I'm currently working on writing one in Haskell using the Scheme48 tutorial
[1], though I'd eventually like to replace the evaluator with an F-Algebra[2]
so I can learn about that.

[https://github.com/breckinloggins/scheme48](https://github.com/breckinloggins/scheme48)

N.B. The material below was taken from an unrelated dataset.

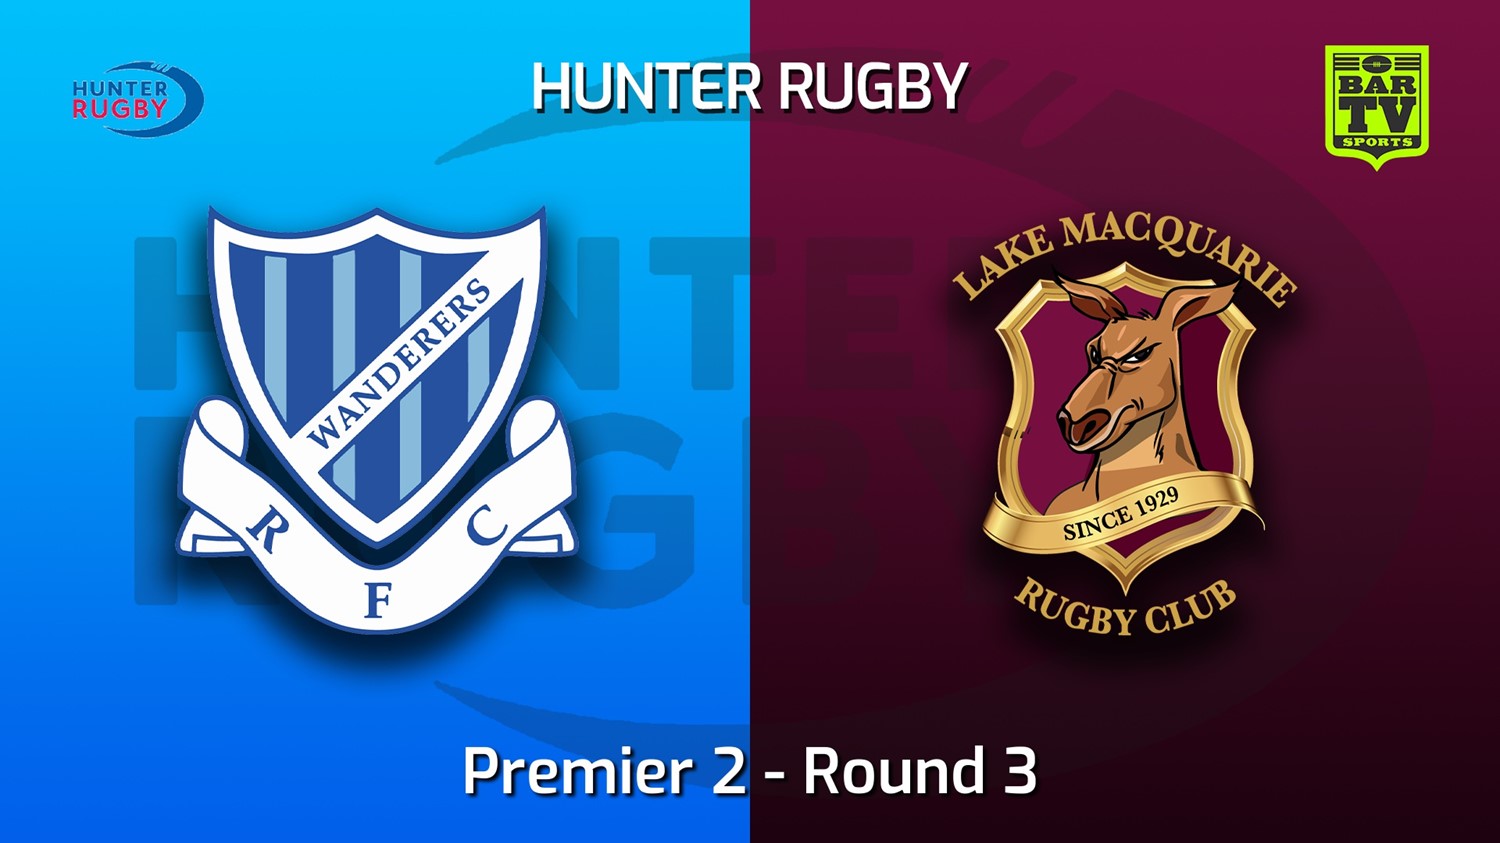 220507-Hunter Rugby Round 3 - Premier 2 - Wanderers v Lake Macquarie Slate Image
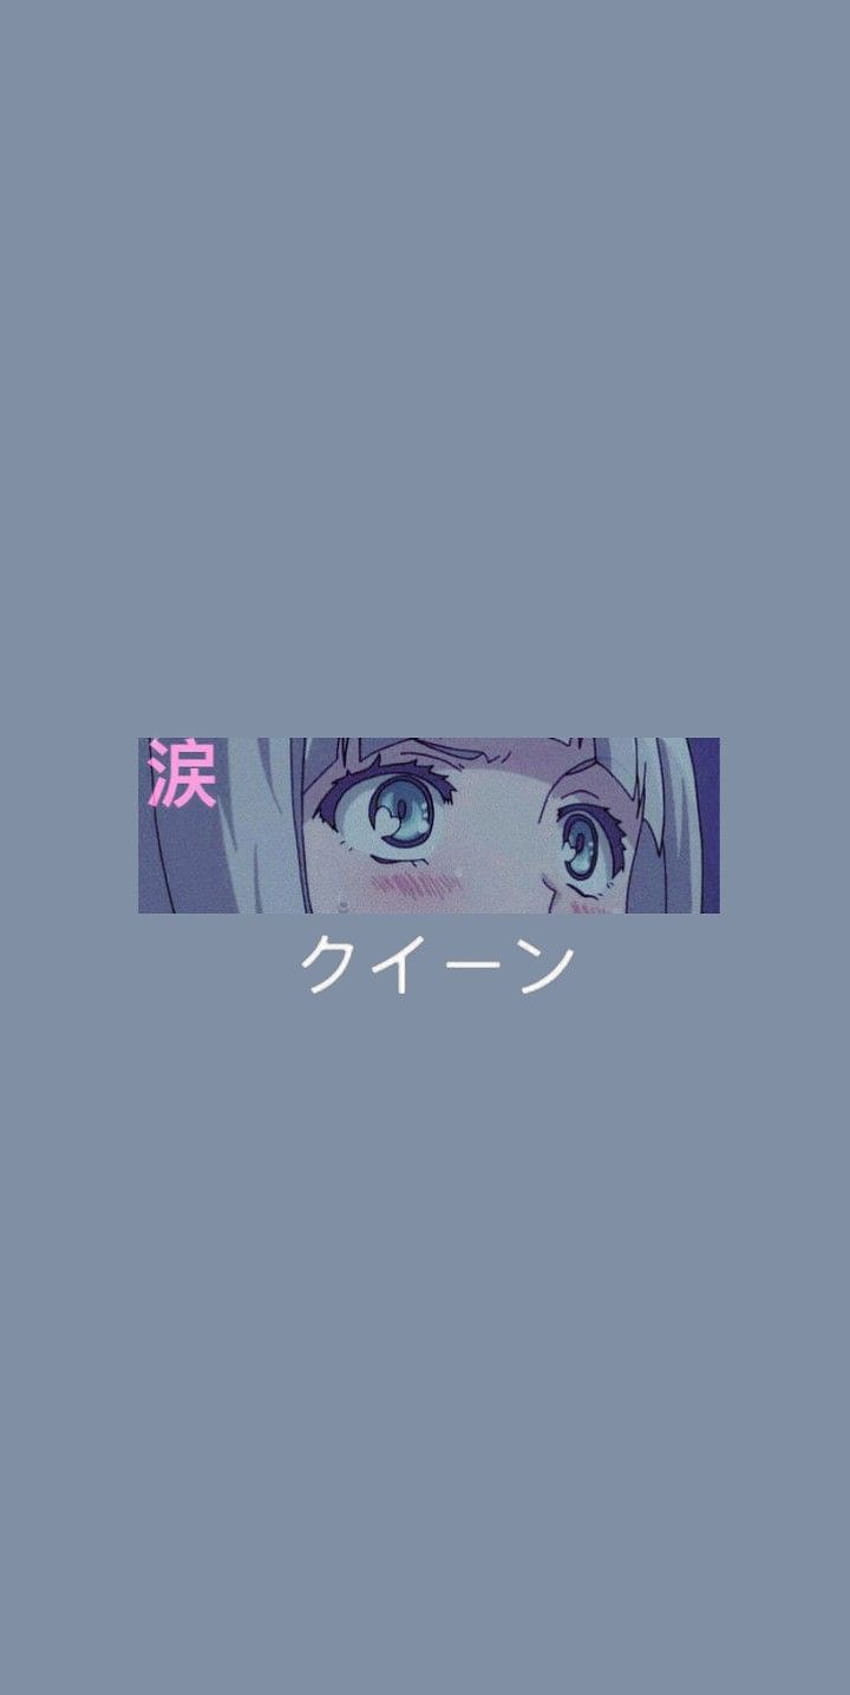 Lexica - Anime,wallpaper like pencil drawing, digital art of cute kawaii  girl with rabbit ears, light blue hair,bob,pink eyes,holding a  Omikuji,backg...

As a side note, would any Haskellers be willing to look at the abstraction I
did for parsing #-forms? I created an adhoc data structure:

    
    
        hashLiteralInfo = [
            ('f', (Nothing, \_ -> Bool False)),
            ('t', (Nothing, \_ -> Bool True)),
            ('b', (Just $ many $ oneOf "01", Number . toInteger . fromBase 2)),
            ('o', (Just $ many $ oneOf "01234567", Number . toInteger . fromBase 8)),
            ('d', (Just $ many $ oneOf "0123456789", Number . toInteger . fromBase 10)),
            ('h', (Just $ many $ oneOf "0123456789abcdefABCDEF", Number . toInteger . fromBase 16))
    	]
    

And then the parser consumes that:

    
    
        parseHashLiteral :: Parser LispVal
        parseHashLiteral = do
            char '#'
                c <- oneOf $ map fst hashLiteralInfo
            let literalInfo = lookup c hashLiteralInfo
            case literalInfo of
                Nothing -> fail "Internal parse error: unregistered literal info"
                    Just (Nothing, f) -> return $ f "unneeded" -- I know there's a more idiomatic way to do that
                    Just (Just literalParser, f) -> do
                        digits <- literalParser
                        return $ f digits
    

This works and is "abstracted", but doesn't feel idiomatic. Thoughts?

[1]
[http://en.wikibooks.org/wiki/Write_Yourself_a_Scheme_in_48_H...](http://en.wikibooks.org/wiki/Write_Yourself_a_Scheme_in_48_Hours)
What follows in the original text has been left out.